Facial Recognition, the biggest breakthrough in Biometric identification and security since fingerprints, uses an individual’s facial features to identify and recognize them. A technology that seems too farfetched taken straight from a science fiction novel is now available in smartphones in the palm of our hands. Facial Recognition has gained traction as the primary method of identification whether its mobile phones, smart security systems, ID verification or something as simple as login in a website. Recent strides in facial recognition technologies have made it possible to design, build and implement a facial recognition system ourself. Using Computer Vision and machine learning libraries like Facial Recognition and Dlib, we can create a robust system that can detect faces and then match and identify it with a database of pre-loaded facial data to successfully recognize them. This study conducted a literature review of these aforementioned technologies and various other advancements in the field of computer vision facial recognition by other scholars in their research papers. This paper analyzes domains to understand the working of these machine learning models and their different implementations in facial recognition systems. The research conducted by us during this review will be paramount in creating a proof-of-concept prototype facial recognition system.

Introduction

I. INTRODUCTION

Humans distinguish and identify faces based on location, size and shape of the of facial features such as nose, ears, lips, eyes, cheekbones. Face is highly non rigid and there are a lot of details reflecting individual differences. Generally, face recognition involves 2 phases, face detection and face recognition. Face detection means capturing a or discovering a face in the image. Then it is followed by face recognition. Face recognition is the process of finding the matching face by comparing the faces found in a static image or dynamic videos. It is generally used for the purpose of identification. It is a subset of biometric recognition. Computers that recognize faces could be applied to a wide variety of problems, including criminal identification, security systems, image and film processing, and human-computer interaction.

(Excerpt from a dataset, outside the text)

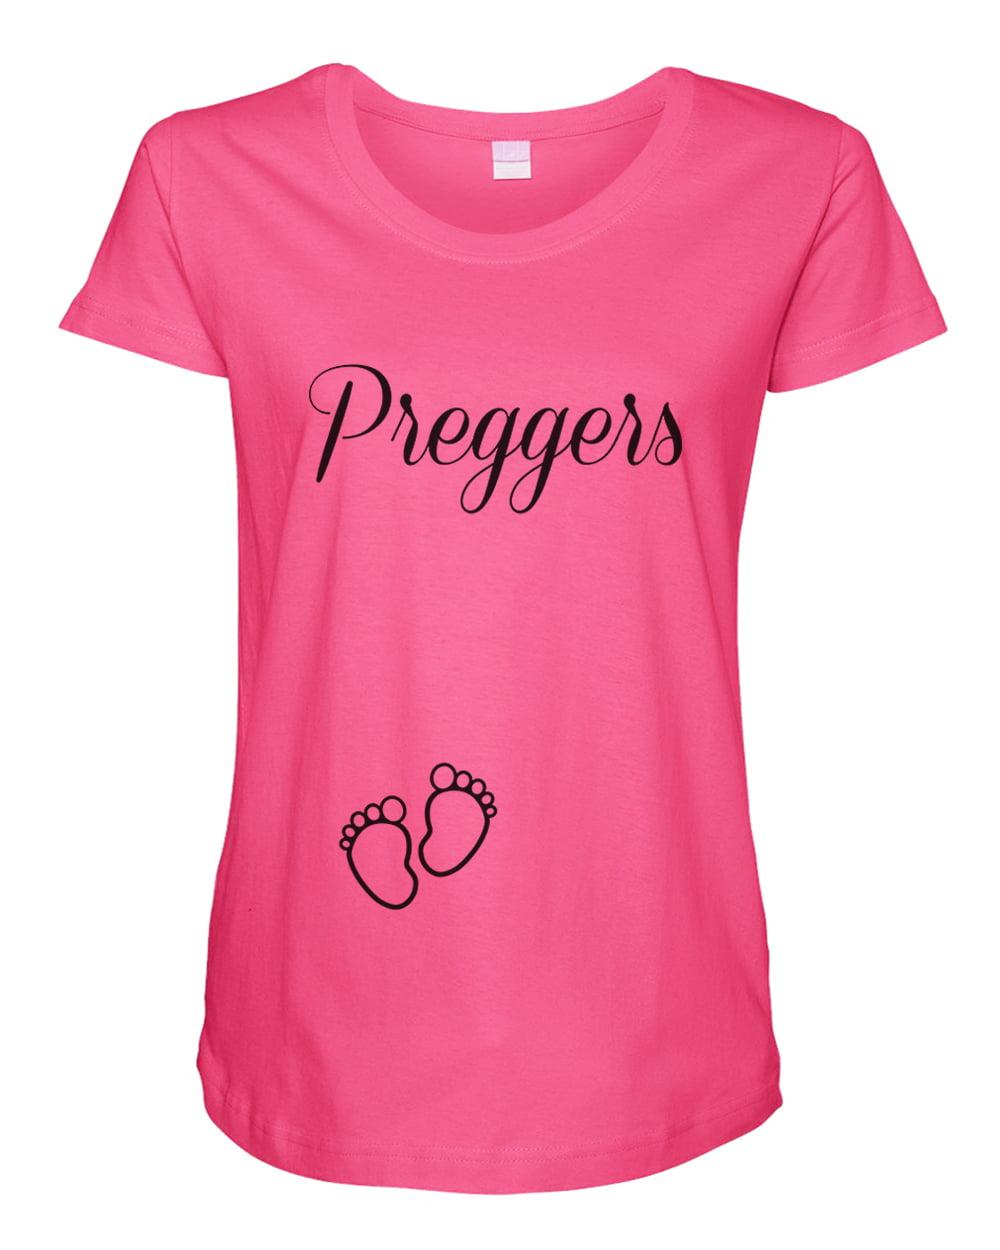 Funny Threadz Womens Pregnant Tank Top Preggers Maternity Clothes For Young Moms Xx Large Hot Pink Walmart Com Walmart Com

Face recognition researches began in early 1950’s. Early in 1966, Bledsoe et.al. Studied on the human facial recognition based on pattern recognition and created a new technology. It was the preliminary development of facial recognition technology.  In 1983, Sirovich and Kirby introduced the principal component analysis (PCA) for feature extraction. Using PCA, Turk and Pentland Eigenface were developed in 1991 and is considered a major milestone in technology. Local binary pattern analysis for texture recognition was introduced in 1994 and is improved upon for facial recognition later by incorporating Histograms (LBPH). In 1996 Fisher face was developed using Linear discriminant analysis (LDA) for dimensional reduction and can identify faces in different illumination conditions, which was an issue in Eigenface method.

In 1997, a facial detection system was created which could detect a certain face among the crowd.  Face recognition methods based on machine vision has achieved great results in facial recognition. We need to consider the intra-class changes caused by facial expression, posture, age, location and occlusion, and the inter-class changes caused by different factors like lighting and backdrop. These two changes are very complex and non- linear.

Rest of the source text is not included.